As it was unnecessary to dispose of the property covered by Exhibit II in order to mest the claims of the insolvent's creditors it seems to me that the effect of the annalment of Exhibit II must automatically disappear at the conclusion of the insolvency proceedings.

Referring to In re Parry: Ex parte Salaman (1904) 1 K.B. 129, the learned Judge said:

The annulment of an alienation of this kind is solely in the interests of an insolvent's creditors; and to the extent that those interests do not require the annulment, the annulment is automatically cancelled. I would hold therefore that from March, 1928, onwards any rights which had accrued under Exhibit II are automatically restored, and this appeal must be decided upon an examination of the gift deed, Exhibit II.

There is some substance in the contention of Mr. Chandra Reddi for the insolvent that since the alienation was set aside by an order of the Court, the setting aside of the alienation cannot be automatically cancelled upon the paying off of the creditors; but the decisions referred to would show that the ordinary course to be adopted, where it is not necessary to sell the property which was the subject of the alienation in order to pay the creditors, is that it should be restored, if not automatically, at any rate by an order of the Court, to the persons from whom it was taken. An insolvency Court administers the assets of the insolvent in equity for the benefit of the creditors and restores it to the person to whom it is properly due, if the claims of the creditors do not necessitate the sale of the property.

4. It is argued that since the order of the Court is one passed in equity the property should not be restored to the alienees, but rather to the alienors; because the property was found in Letters Patent Appeal No. 24 of 1944 to have been sold for a. very inadequate sum. That however is the concern of the alienors. If they chose, in order to defraud their creditors, to sell valuable property for much less than what it was worth, they cannot complain at having to suffer the consequences of their fraud.
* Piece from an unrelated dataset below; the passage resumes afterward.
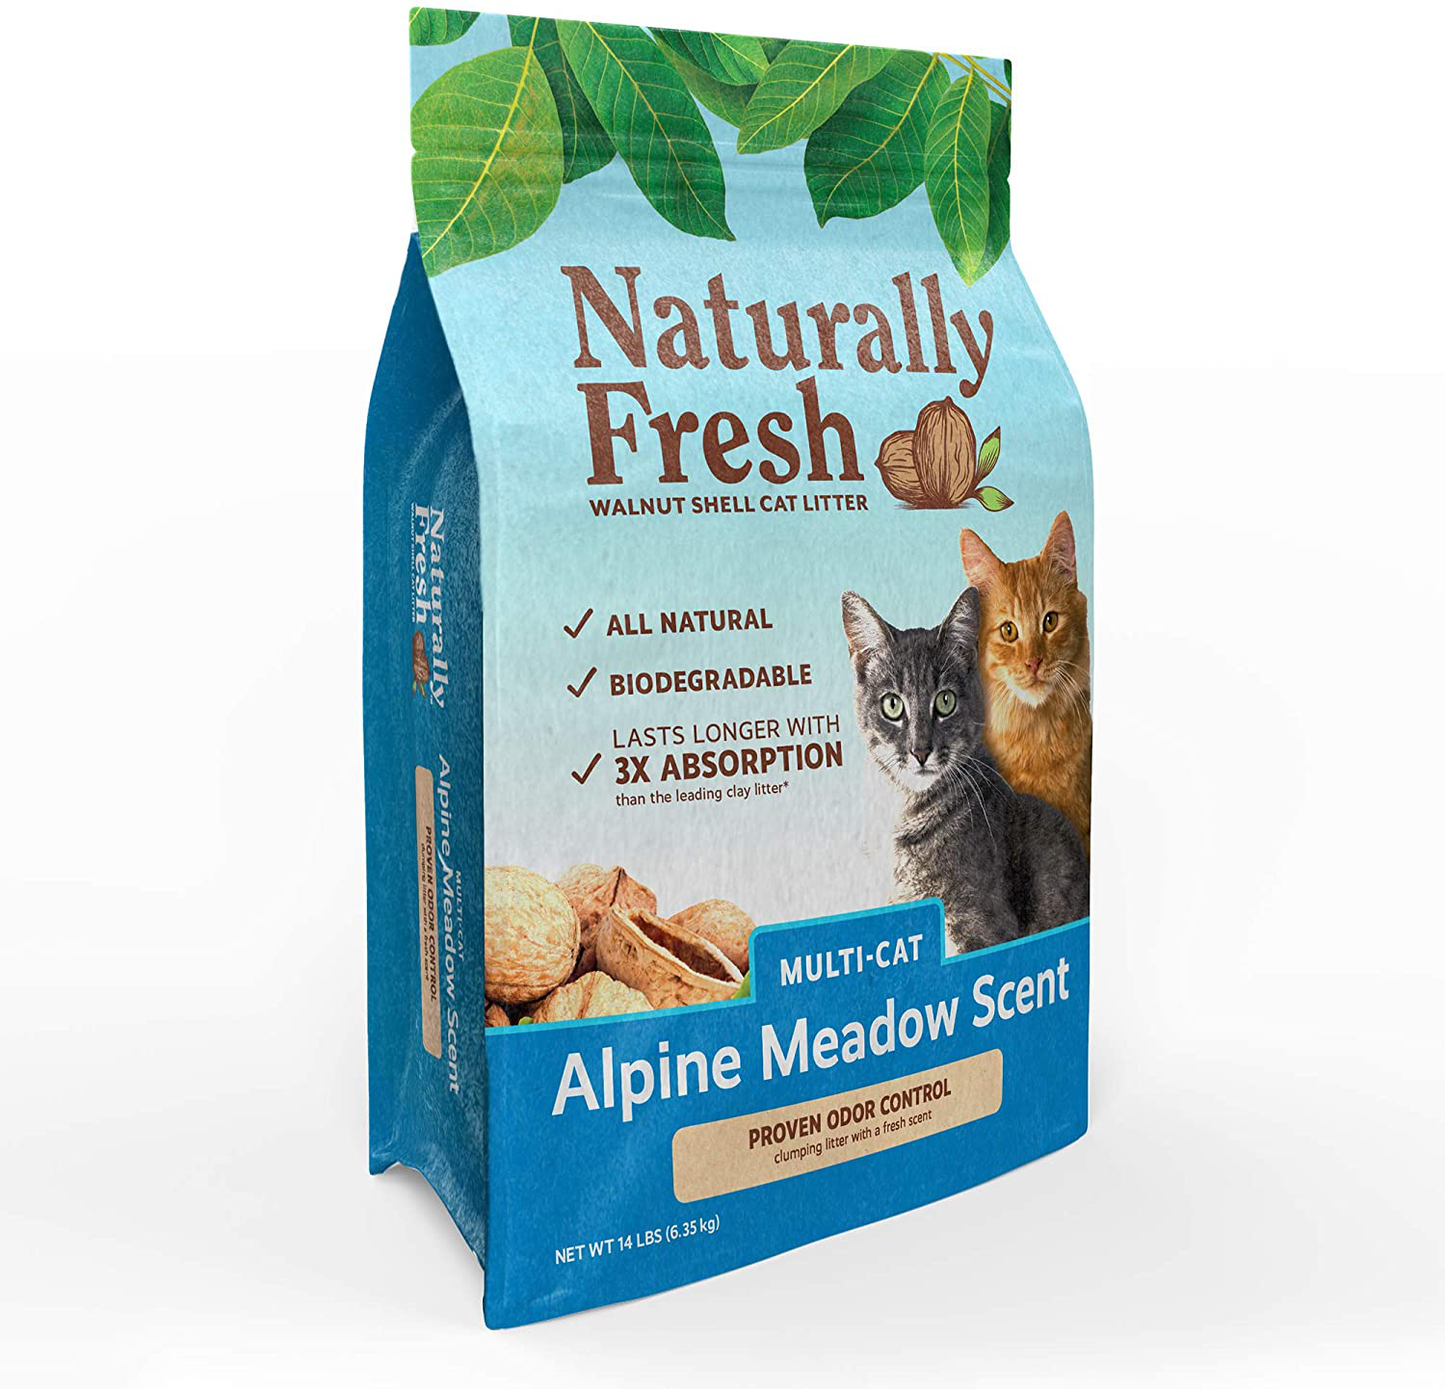 Naturally Fresh Cat Litter - Walnut Animals & Pet Supplies > Pet Supplies > Cat Supplies > Cat Litter Naturally Fresh

5. The alienees have not only asked that the property should be restored to them, but also that the payment of the creditors out of the sum deposited by the insolvent in Court should stand; in other words, that the money that they have deposited in Court should be allowed to be withdrawn by them and that the property should also be given to them. That would be a most inequitable course. It is unlikely that the insolvent had himself the money which he deposited in Court. He had presumably to enter into some arrangement, whereby those who financed him were to be reimbursed after the insolvent re-obtained possession of the property. Moreover, the deposit made by the insolvent must be regarded as a conditional one, that if the Court found that it was unable to grant the insolvent's request to restore the property to him, the money should be given back.
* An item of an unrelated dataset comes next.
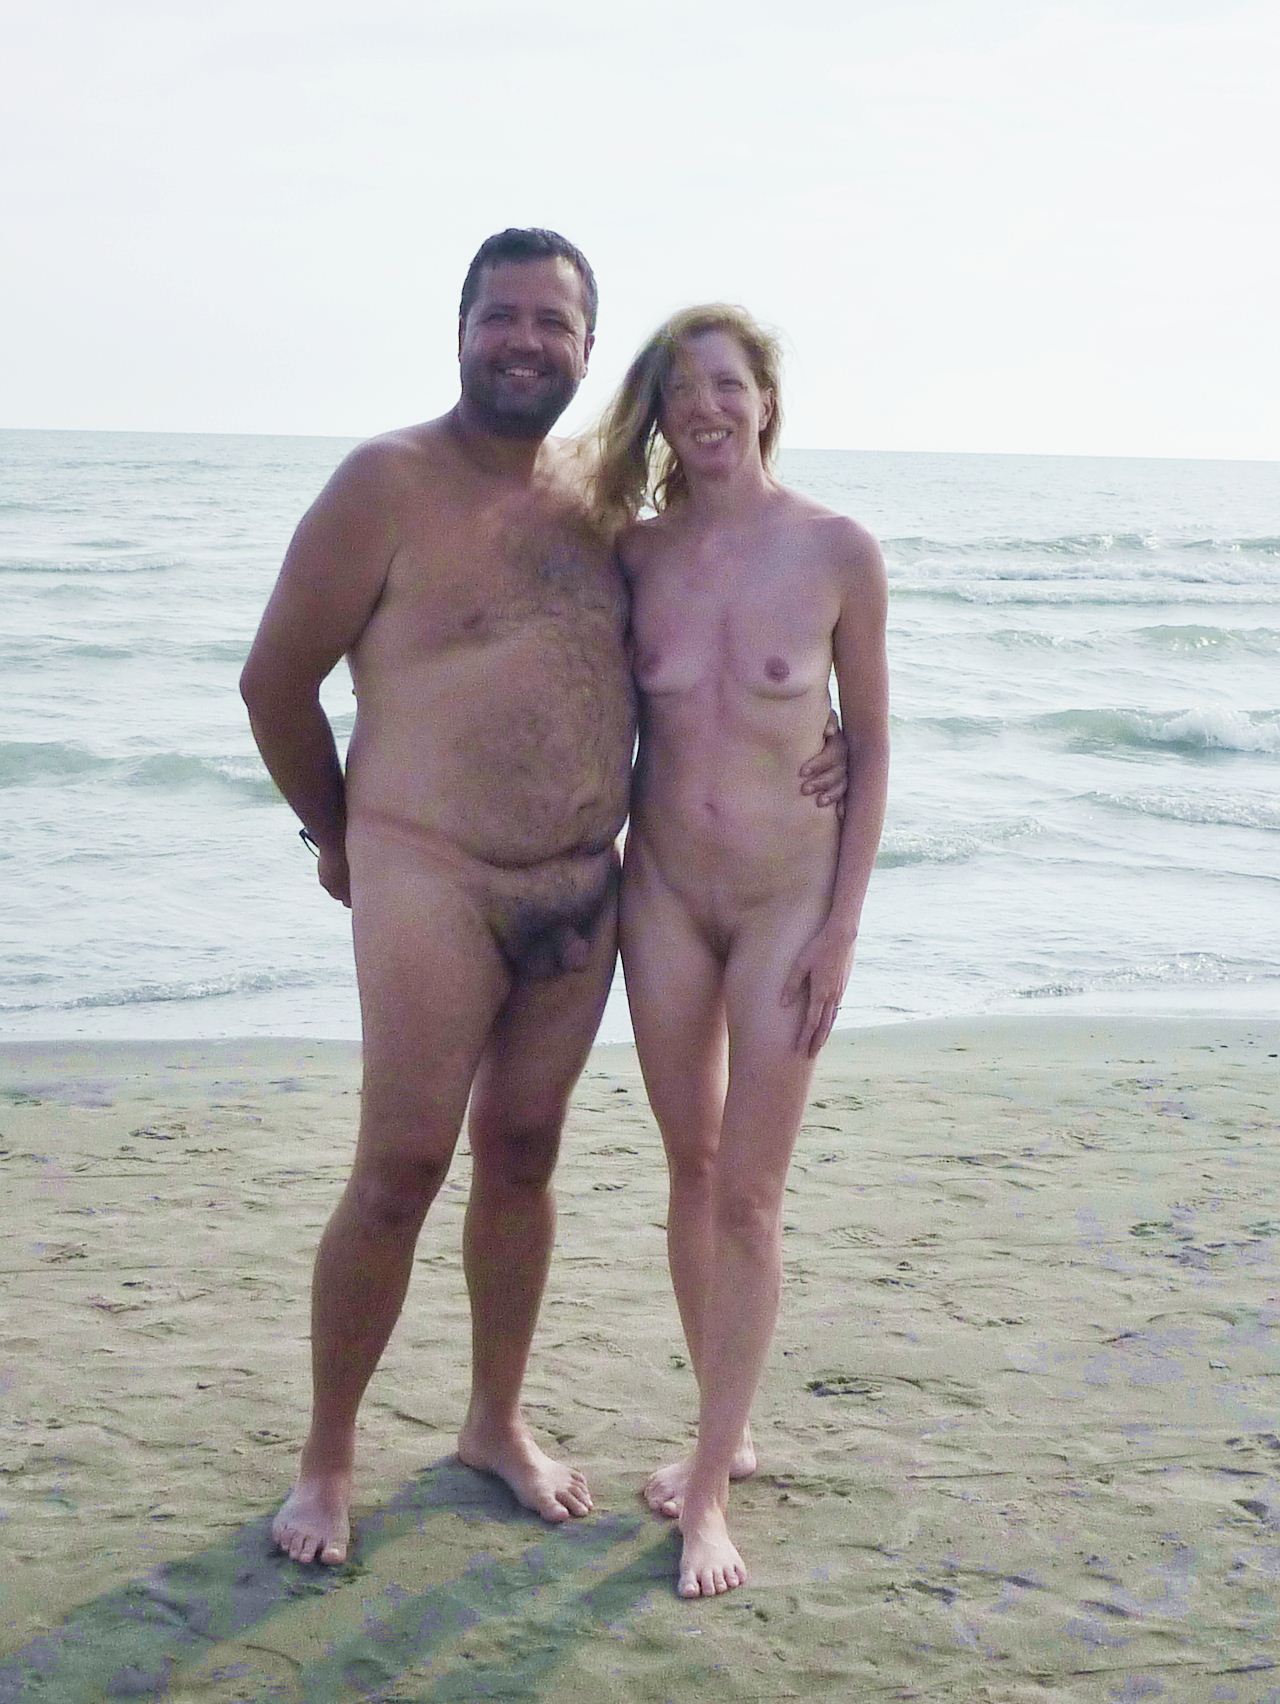 https://www.nudismlife.com/galleries/nudists_and_nude/nudists_couple/nudists_nude_naturists_couple_1488.jpg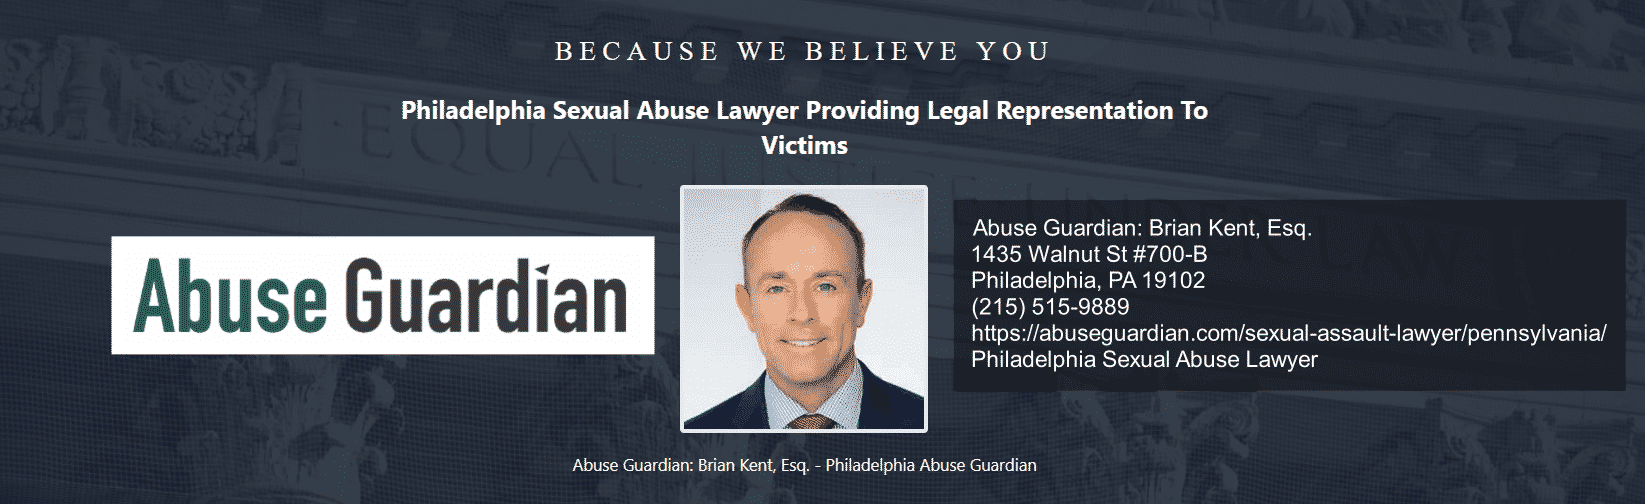 sexual abuse lawyer near me abuse guardian brian kent, esq. philadelphia

6. The property should therefore be restored to the alienees; but the money deposited by them in the Anantapur Court and subsequently transferred to the Bellary Court should be utilised for the payment of creditors, the insolvent being allowed to withdraw from the Court the amount deposited by him.
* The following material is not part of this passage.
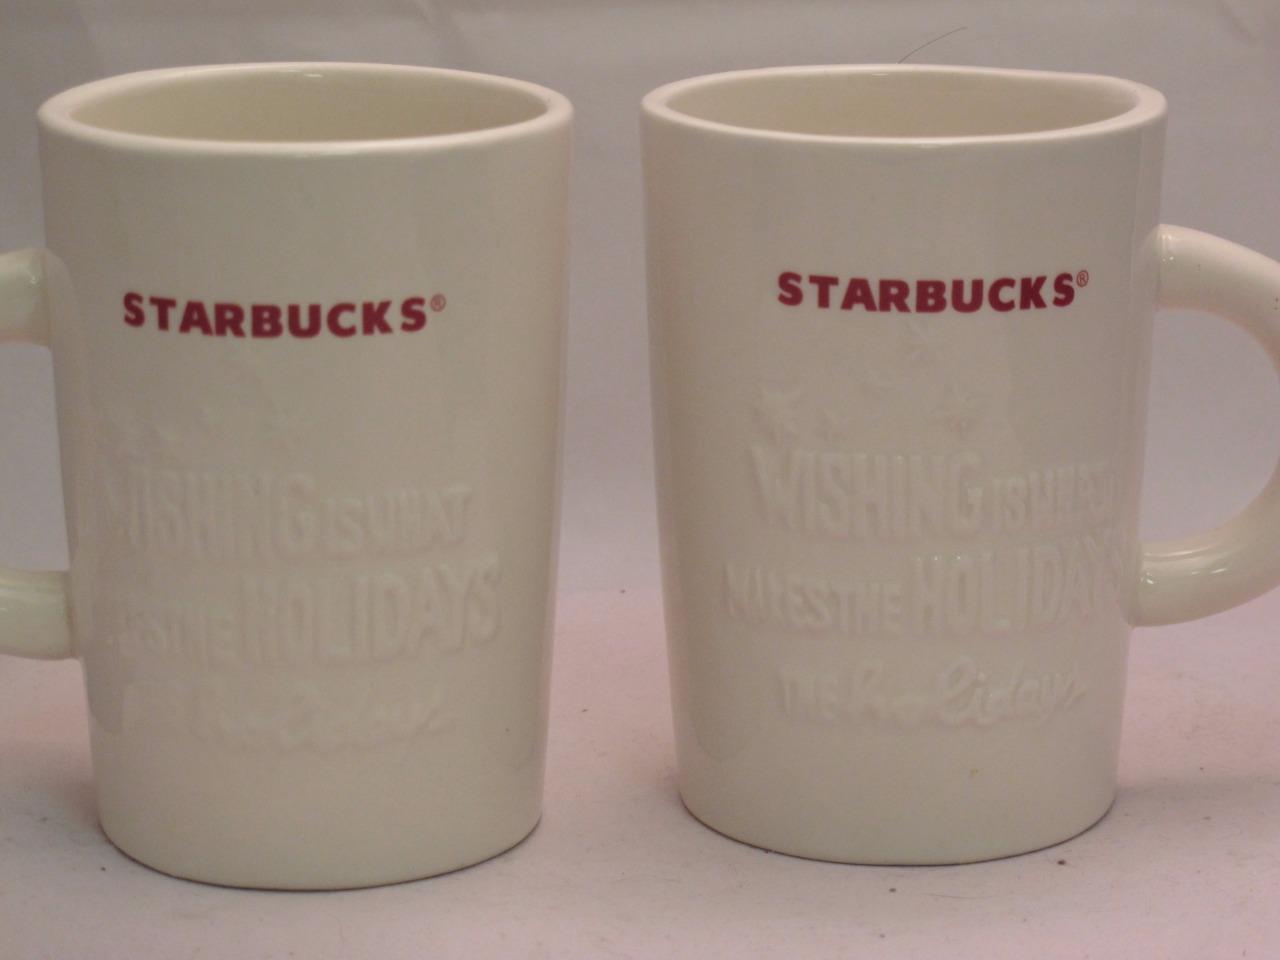 Starbucks 2010 Coffee Mug Wishing is what makes the holidays Set of Two

7. The appeals are allowed; but in view of the fact that the appellants have asked for more than what could reasonably be given to them and the arguments put forward by them were not those which have been accepted, there will be no order as to costs. If the money deposited by the insolvent, or any part of it, has been already distributed to creditors, the insolvent should be reimbursed from the amount deposited in I.A. No. 9 of 1946 and any amount remaining over of the sum deposited in I.A. No. 9 of 1946, after all the creditors have been paid should be refunded to the petitioner in LA. No. 9 of 1946.